Although we were getting a lot of traction for Bizom out in the market, trouble was brewing back home. We had a spate of resignations. This was circa 2016.
We had to pause and rethink what we were doing. We did a few things.
Told customers, writing code is not the answer to solving all problems. Processes need to be fixed at their end.
Changed hiring persona
Increased ESOP allocations
Hired a professional Engineering head and professional HR
The picture is from our All Hands in 2018 where we had business and team doubling.
We were on the verge of getting a termsheet and covid struck.

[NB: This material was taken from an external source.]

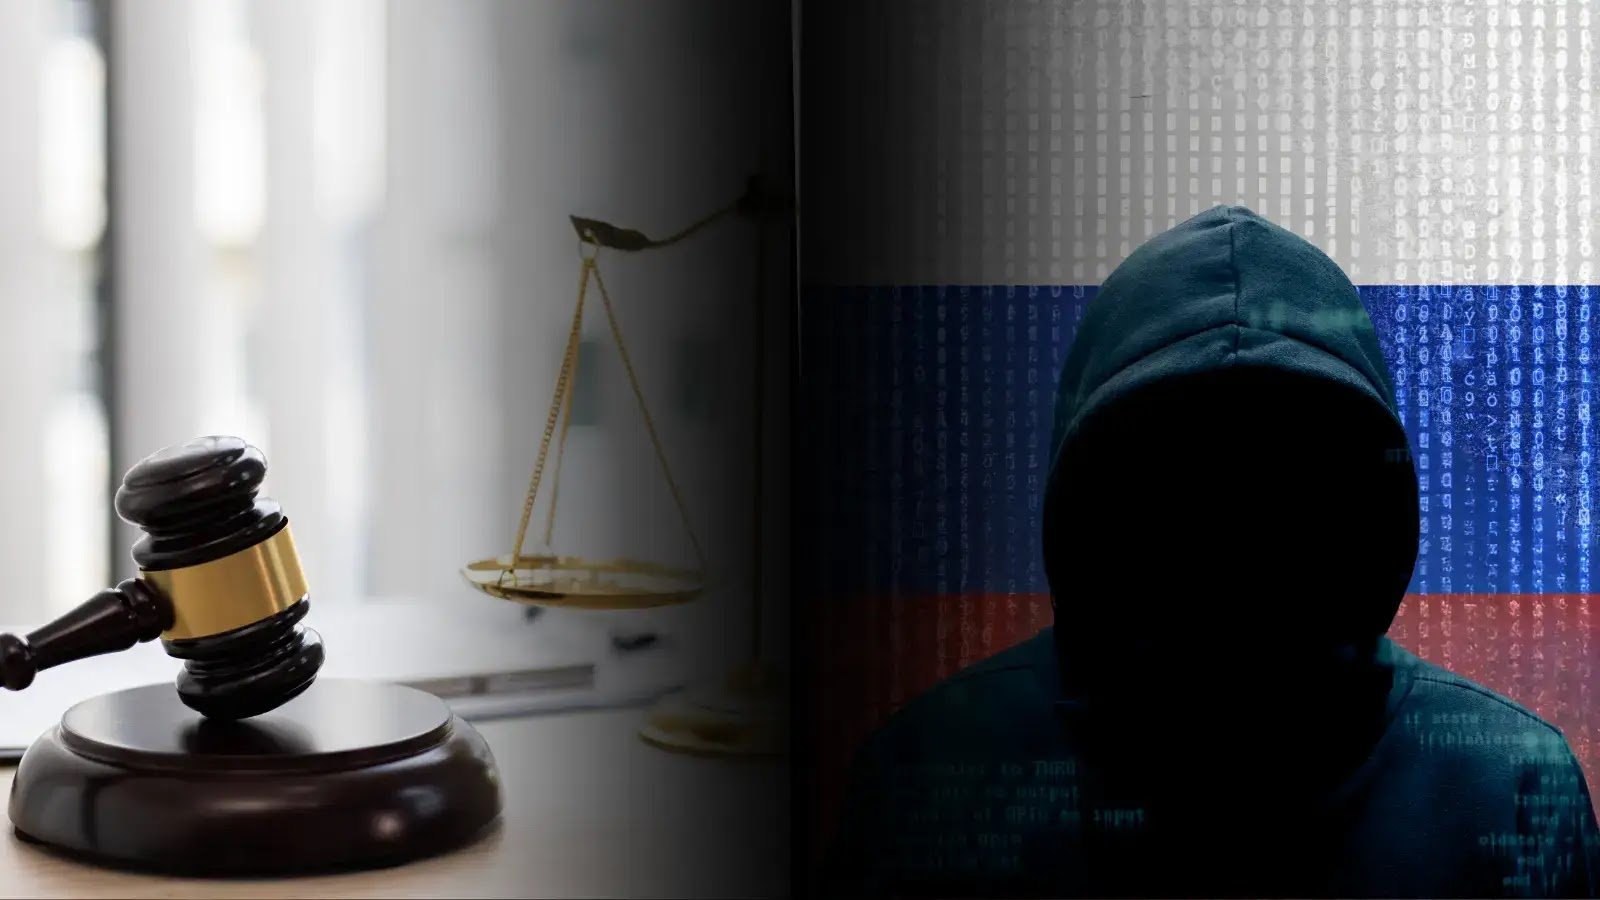 Russian Hackers Charged for Selling Unauthorized access to computer networks

We had been building the customer acquisition growth story for fund raise and had burned up all cash.
Credit notes galore.
Payments due were also delayed.
We put our heads together to do 2 things,
How to survive the cash crunch
Task force for health
We did a few things
Voluntary pay deferral
Promoters took 0 salary
Looked everywhere for credit, deferred all EMIs
Two where to grow
Suddenly everyone wanted digitisation products, not just india, overseas
Doubled down on Africa reachouts
2 more things .. One, there are things you can do for free to keep up employee morale and bond as early teams.
When there is gloom, you can do stuff to cheer up that doesn’t cost much.
Go on a trek with children, spouses
Organise runs in the local park
Declare potluck days
Two, Always believe that no matter how big the hurdles are, this too shall pass. Look at us we grew from working in 800 sq ft shop to one of the only 10m arr company focusing on India !!